A large number of models for lattice data have been proposed in the literature (see Cressie 1993 and LeSage and Pace 2009), where most of them involve the specification of a neighborhood system {Ni} and weight matrix W. One of the most common models for lattice data is the Simultaneous Auto-regressive (SAR) model specified by a set of autoregressions
$$\begin{array}{cc}\hfill \begin{array}{l} Z\left({s}_i\right)=\boldsymbol{f}{\left({s}_i\right)}^{\top}\boldsymbol{\beta} +\rho \sum_{j=1}^n{w}_{i j}\left( Z\left({s}_j\right)-\boldsymbol{f}{\left({s}_j\right)}^{\top}\boldsymbol{\beta} \right)\\ {} +{\acute{\mathrm{o}}}_i, i=1,\dots, n,\end{array}\hfill & \hfill \hfill \end{array}$$

where f(sj) and β have the same interpretation as in models for geostatistical data and ó i  ~ N(0, ξi) are independent errors. This is a spatial analogue of autoregressive time series models, but unlike the latter the response and error vectors are correlated. Provided In − ρW is non-singular, it follows that Z ~ Nn(Xβ, (In − ρW)−1M(In − ρWT)−1), where M = diag(ξ 1,  … , ξ n ).
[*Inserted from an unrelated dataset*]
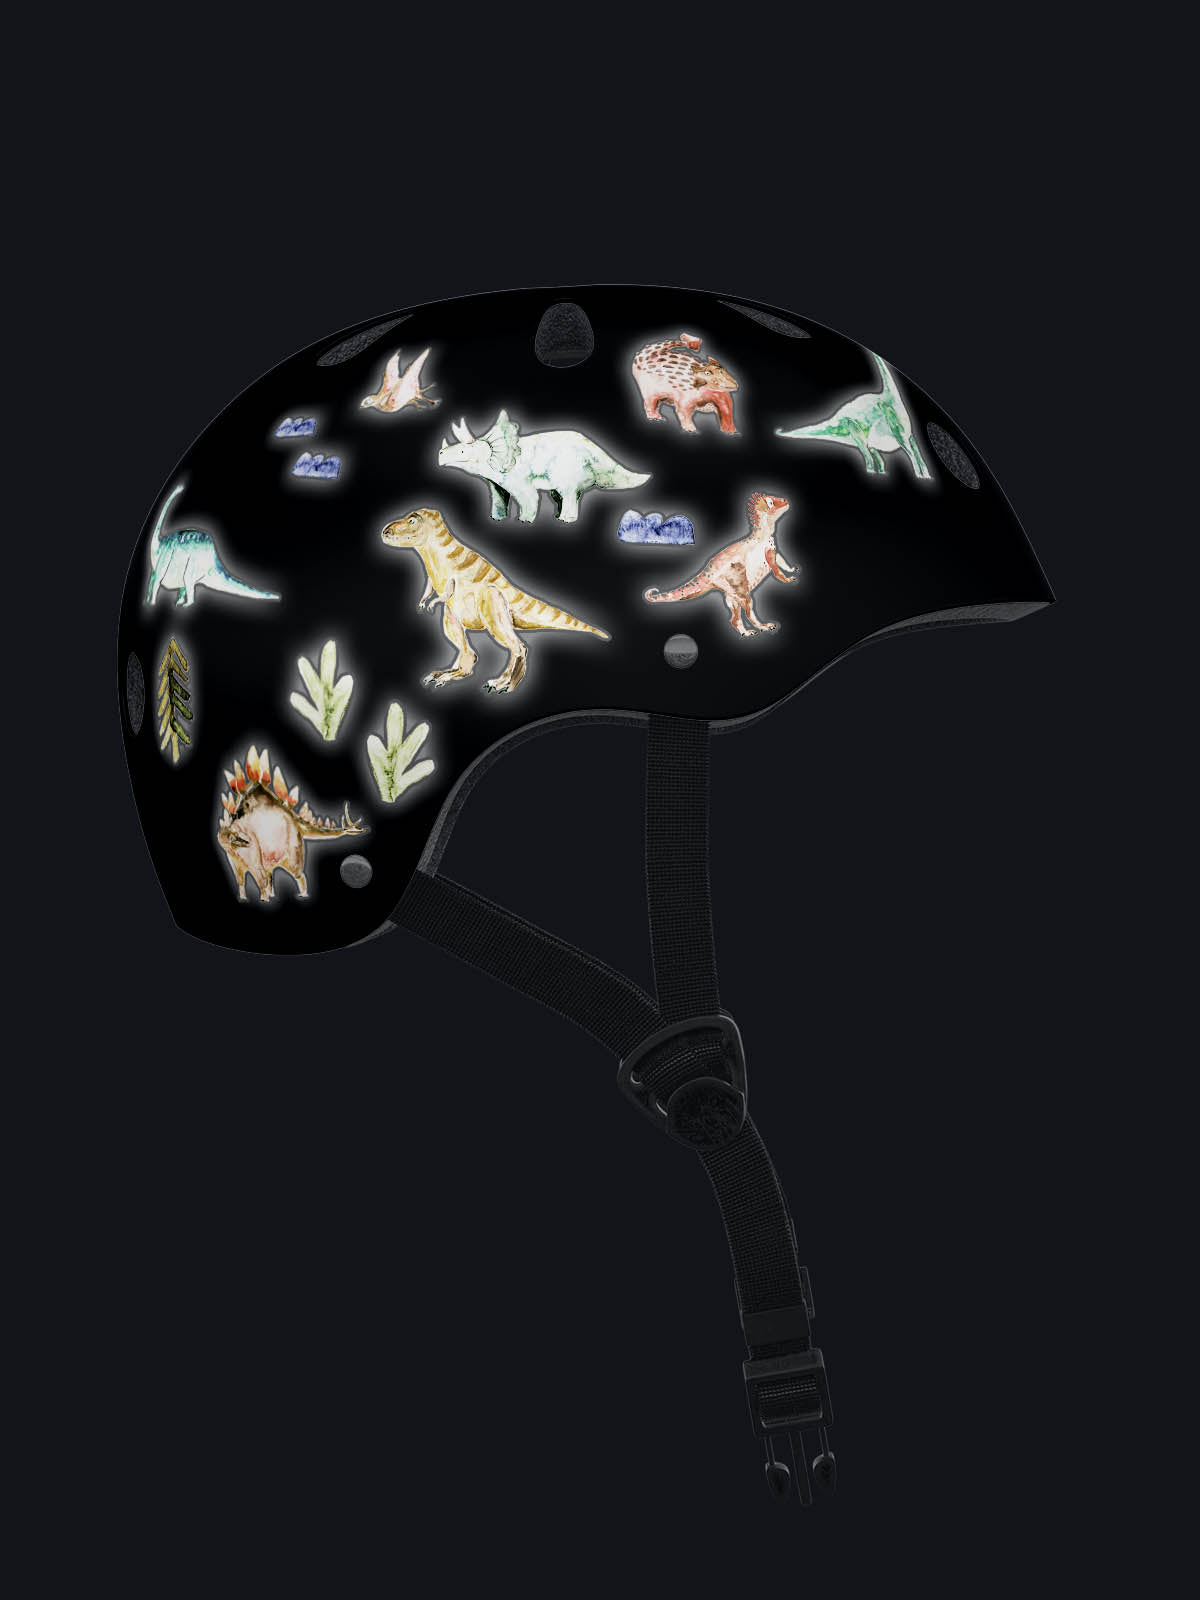 Helm bei Nacht beklebt mit reflektierenden Dino Aufklebern die im Dunkeln leuchten
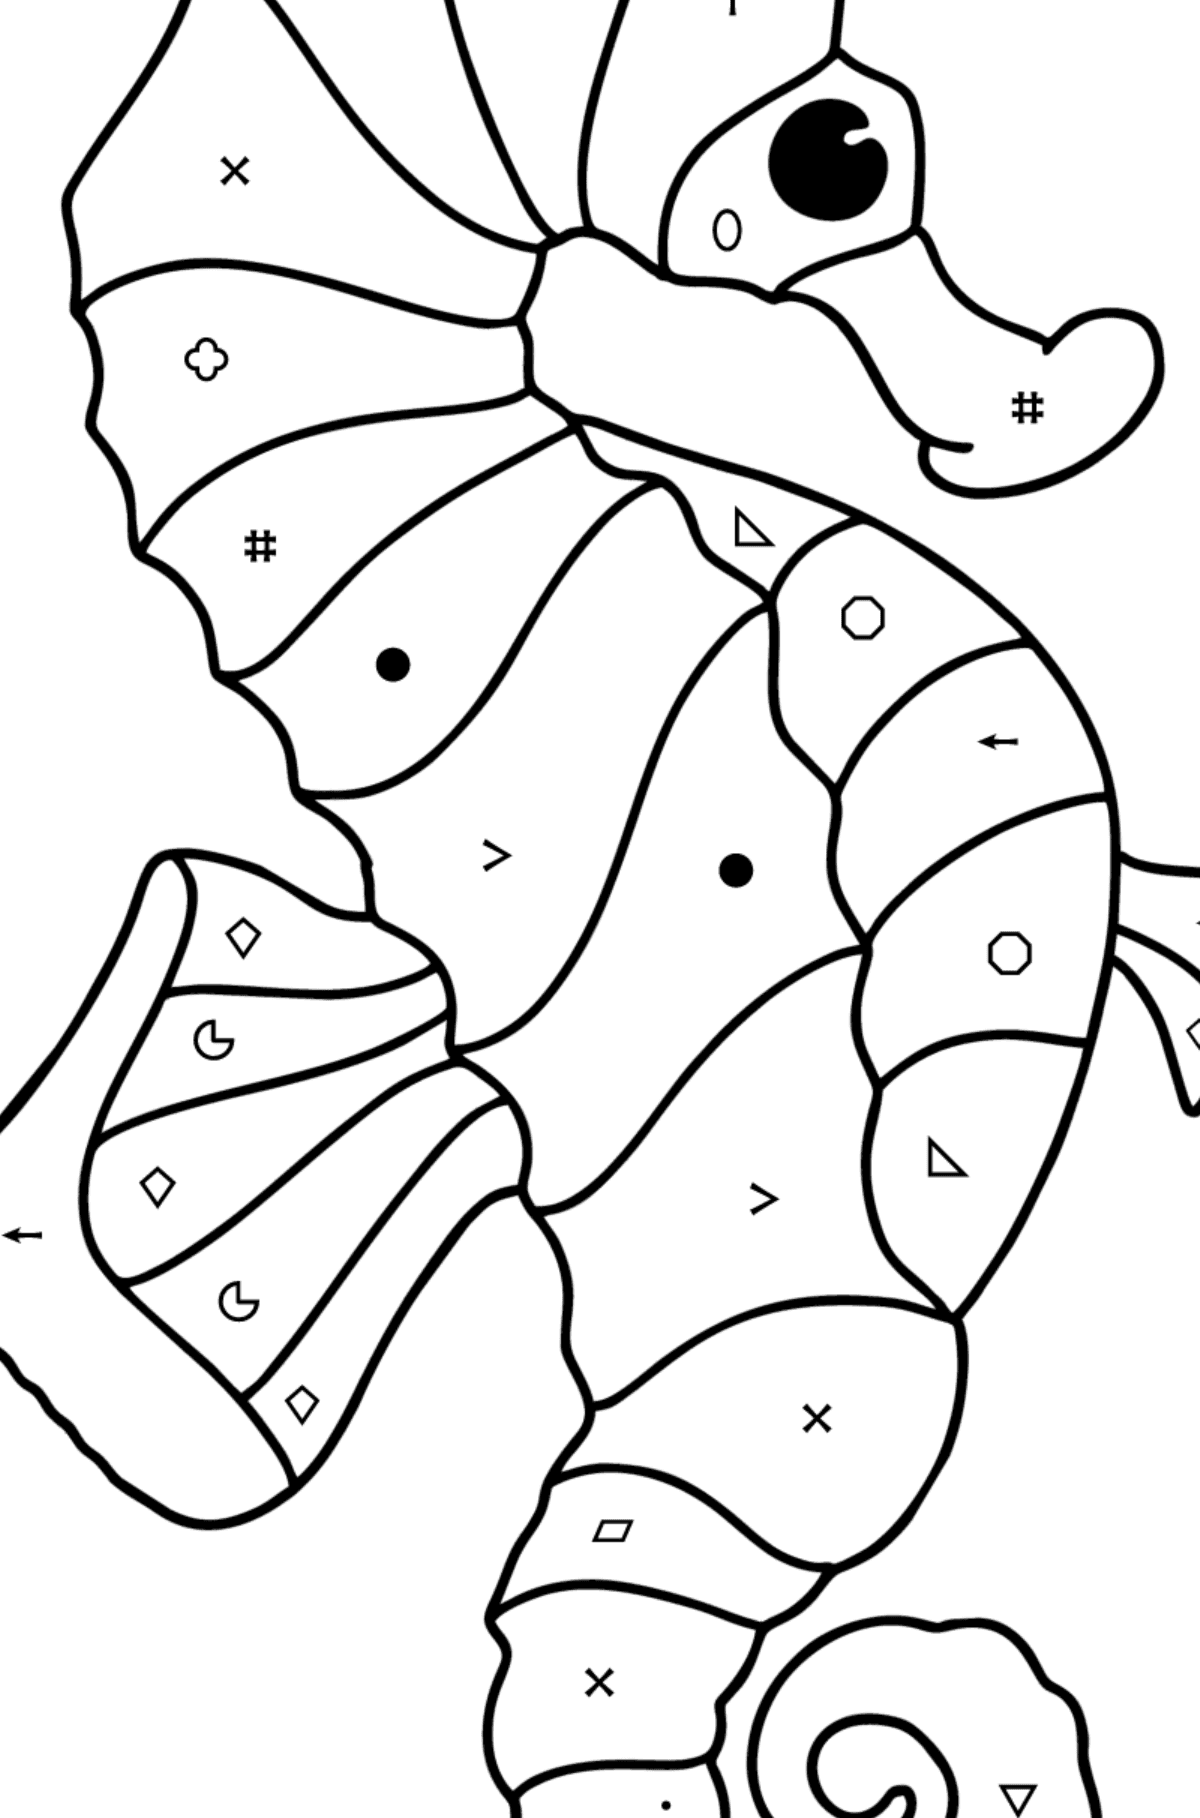 Coloriage Hippocampe - Coloriage par Symboles pour les Enfants

It is common to assume ξ i  = ξfor all i, in which case the model parameters are β and θ = (ξ, ρ).

Another large class of models for lattice data is that of Markov random fields (Rue and Held 2005; Li 2009). These models construct the joint distribution for the data by specifying the set of all full conditional distributions, namely, the conditional distributions of Z(si) given Z(i), i = 1,…, n, where Z(i) = (Z(sj) : j ≠ i). In addition, these models assume a Markov property stating that the distribution of each datum depends on the rest only through its neighbors. An example of this is the class of Conditional Autoregressive (CAR) models with full conditional distributions
$$\begin{array}{ll}\hfill & \left( Z\left({s}_i\right)| Z\left({s}_j\right), j\ne i\right)\sim N\left(\boldsymbol{f}{\left({s}_i\right)}^{\top}\boldsymbol{\beta} +\rho \sum_{j=1}^n{w}_{i j}\left( Z\left({s}_j\right)-\boldsymbol{f}{\left({s}_j\right)}^{\top}\boldsymbol{\beta} \right),{\sigma}_i^2\right),\\ {}& i\hfill \\ {}& =1,\dots, n.\hfill \end{array}$$

To guarantee the above set of full conditional distributions determines a unique joint distribution, it is required that $${\sigma}_j^2{w}_{i j}={\sigma}_i^2{w}_{j i}$$ for all i,j, and M−1(In − ρW) be positive definite, with $$M=\mathrm{diag}\left({\sigma}_1^2,\dots, {\sigma}_n^2\right)$$, in which case Z ~ Nn(Xβ, (I − ρW)−1M). It is common to assume that $${\sigma}_i^2={\sigma}^2$$ for all i, in which case the model parameters are β and θ = (σ2, ρ). An extensive comparison between the SAR and CAR models is given in Cressie (1993, chapter 6).

The most commonly used method for parameter estimation in these models is maximum likelihood. As for geostatistical models, the resulting estimators are given by Eq. 1 where in the likelihood Eq. 2 $${\Sigma}_{\boldsymbol{\theta}}^{-1}=\left({I}_n-\rho {W}^T\right){M}^{-1}\left({I}_n-\rho W\right)$$ for SAR models and $${\Sigma}_{\boldsymbol{\theta}}^{-1}={M}^{-1}\left( I-\rho W\right)$$ for CAR models. For both models (as for geostatistical models) the computation of these estimators requires the use of numerical iterative methods.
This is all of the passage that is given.